Just to be clear, he wasn't saying 'fellow'.

So, I have a question for you. If someone can demonstrate that dogwhistling has been a thing used historically, and that person can demonstrate its use in multiple different election campaigns, if a group of people from a minority group come up with a concept which they then demonstrate using evidence (which is what CRT is) that demonstrates the effects of racism on legislation without needing to literally mention race in any way, is it truly so far fetched to warrant laughter in reply?

Ok so I'm no expert on CRT, I must say i'm skeptical of what I've read though. Particularly I think because of how it used to justify things like quotas and "representation". You did lose me at the bolded though, do you mean the concept of CRT doesn't mention race in any way? (I'm assuming not)

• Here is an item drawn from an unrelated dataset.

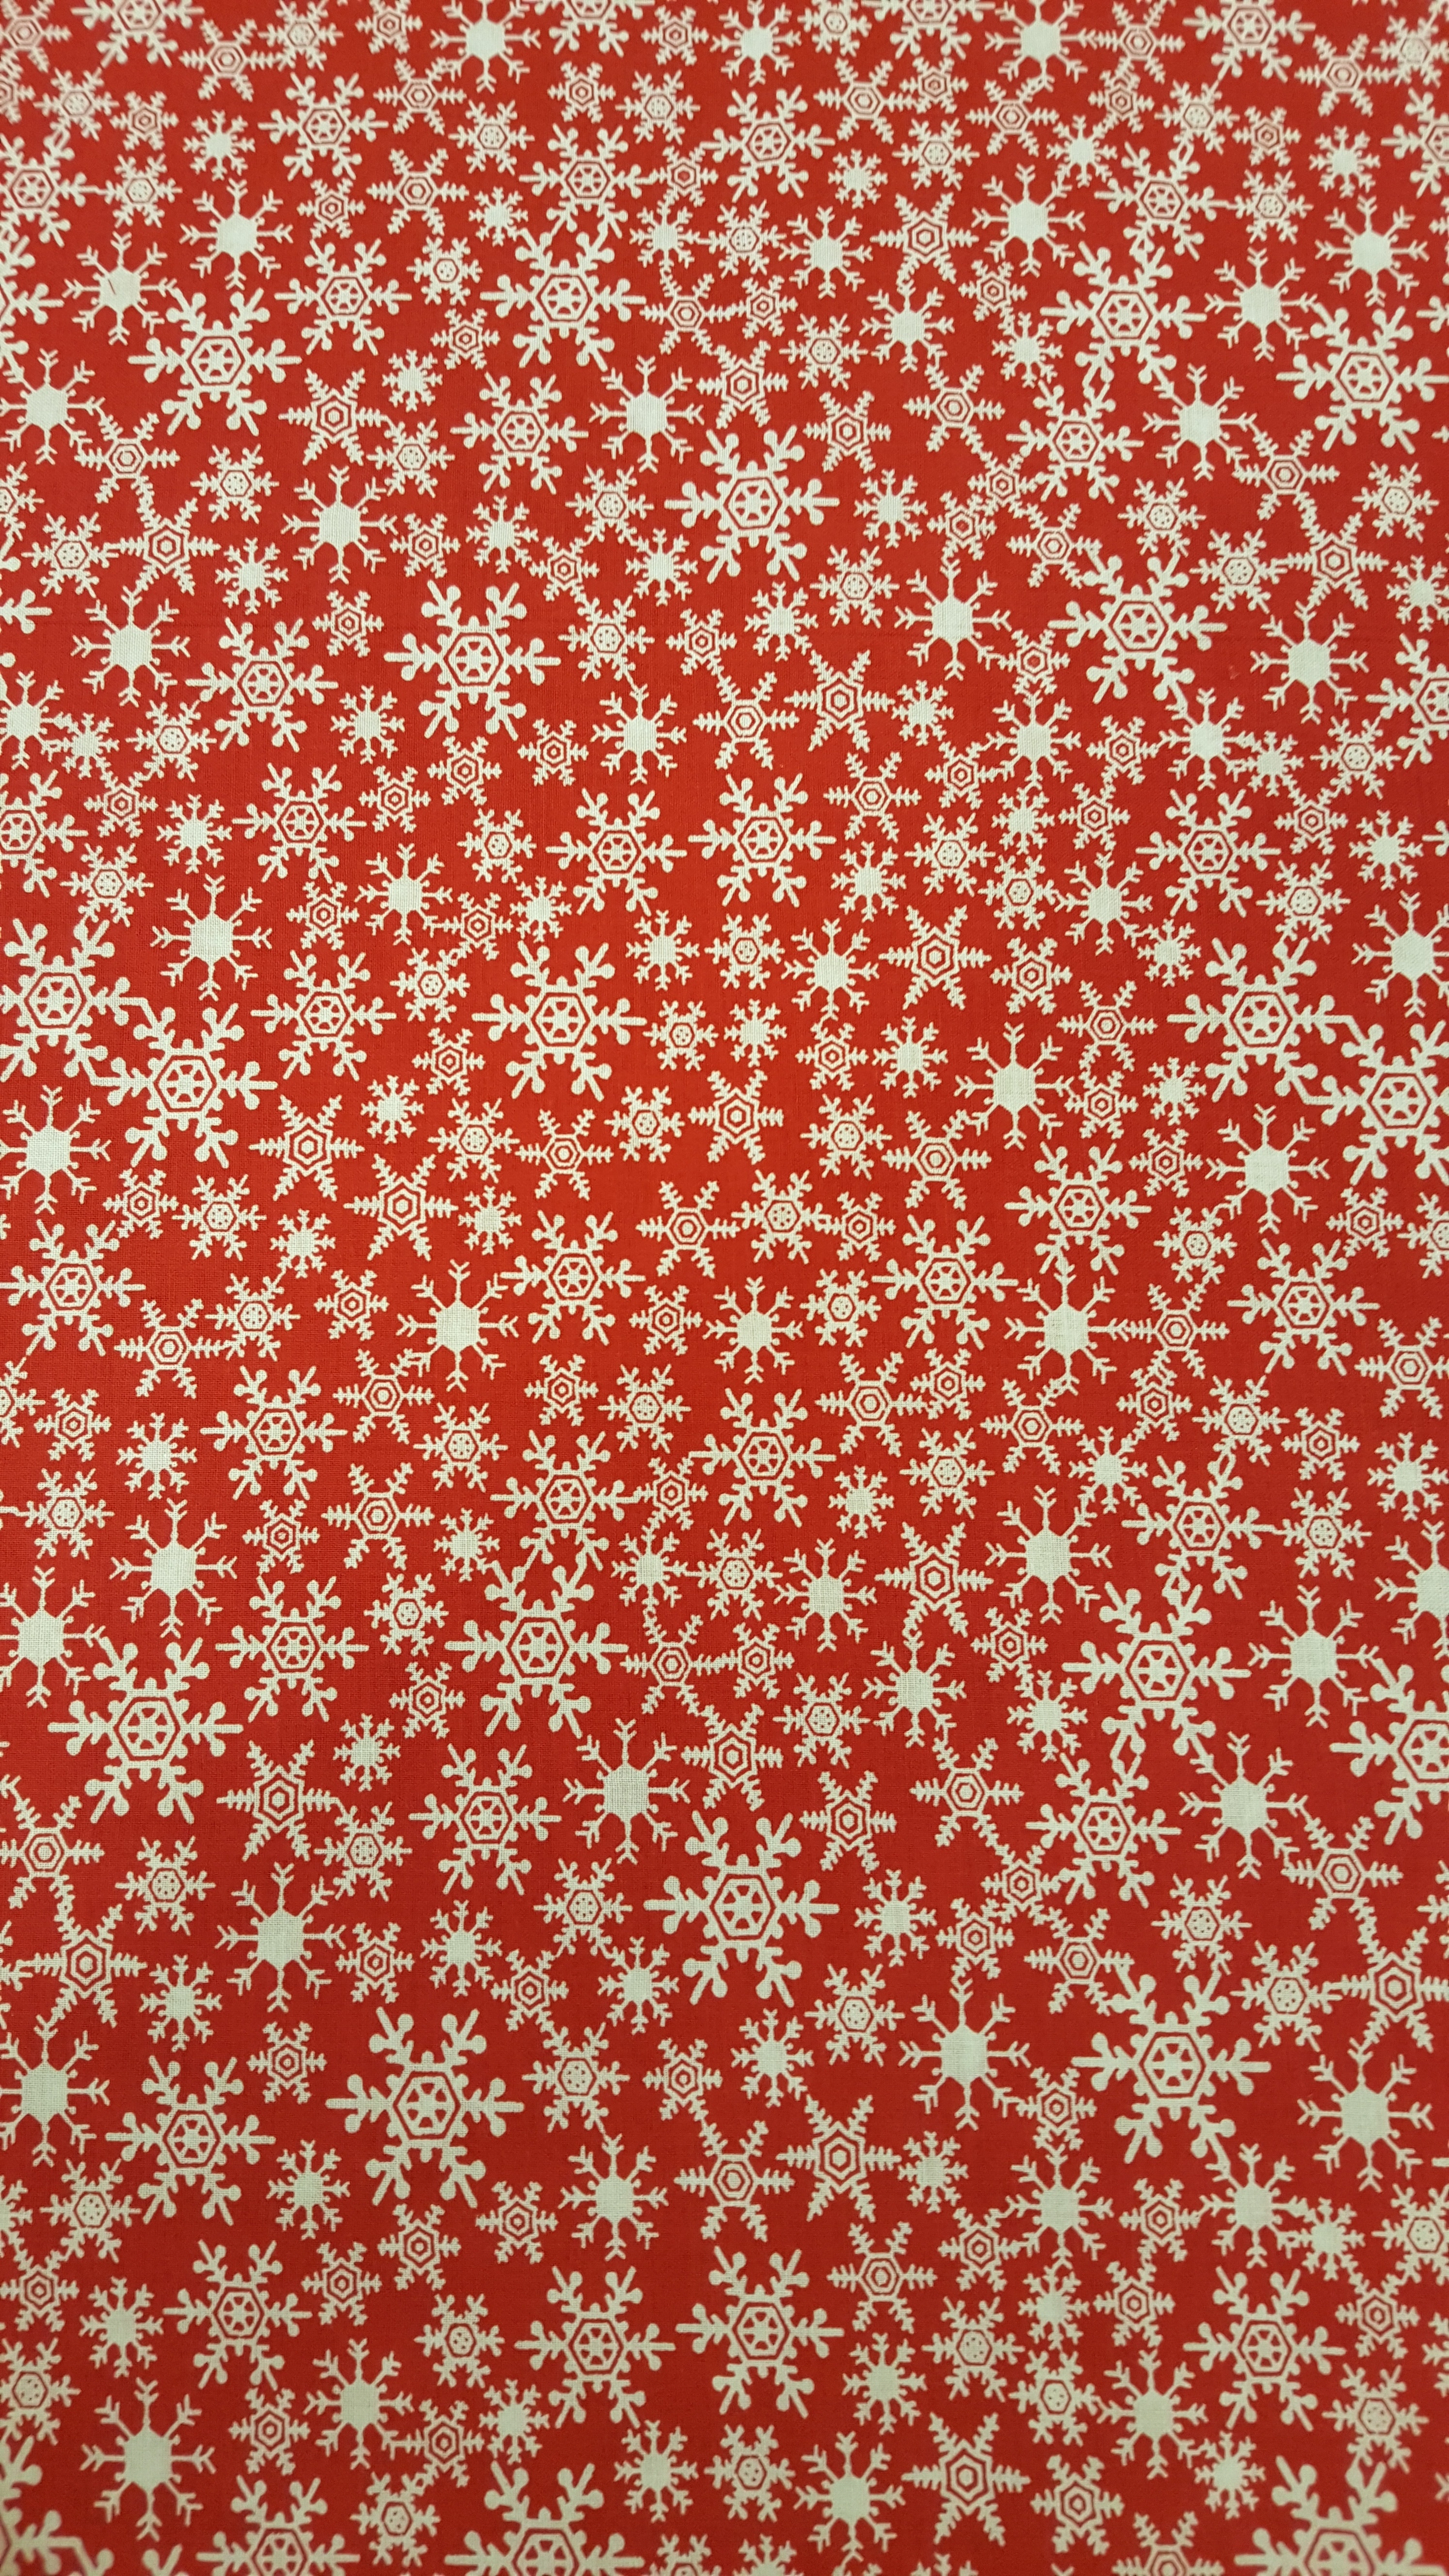 Red, Holiday, Snow, Snowflakes, backgrounds, red

I'm not saying dogwhistling doesn't exist or hasn't existed in the past. The problem is it's hard (maybe impossible) to prove, which can make it convenient for both sides i suppose. Your example was interesting but I'm not sure how relevant it is to us today in all honesty.

Apologies for my laughing emoji on your previous post, I am a smartarse and you walked into it!
 
Ok so I'm no expert on CRT, I must say i'm skeptical of what I've read though. Particularly I think because of how it used to justify things like quotas and "representation". You did lose me at the bolded though, do you mean the concept of CRT doesn't mention race in any way? (I'm assuming not)

I'm not saying dogwhistling doesn't exist or hasn't existed in the past. The problem is it's hard (maybe impossible) to prove, which can make it convenient for both sides i suppose. Your example was interesting but I'm not sure how relevant it is to us today in all honesty.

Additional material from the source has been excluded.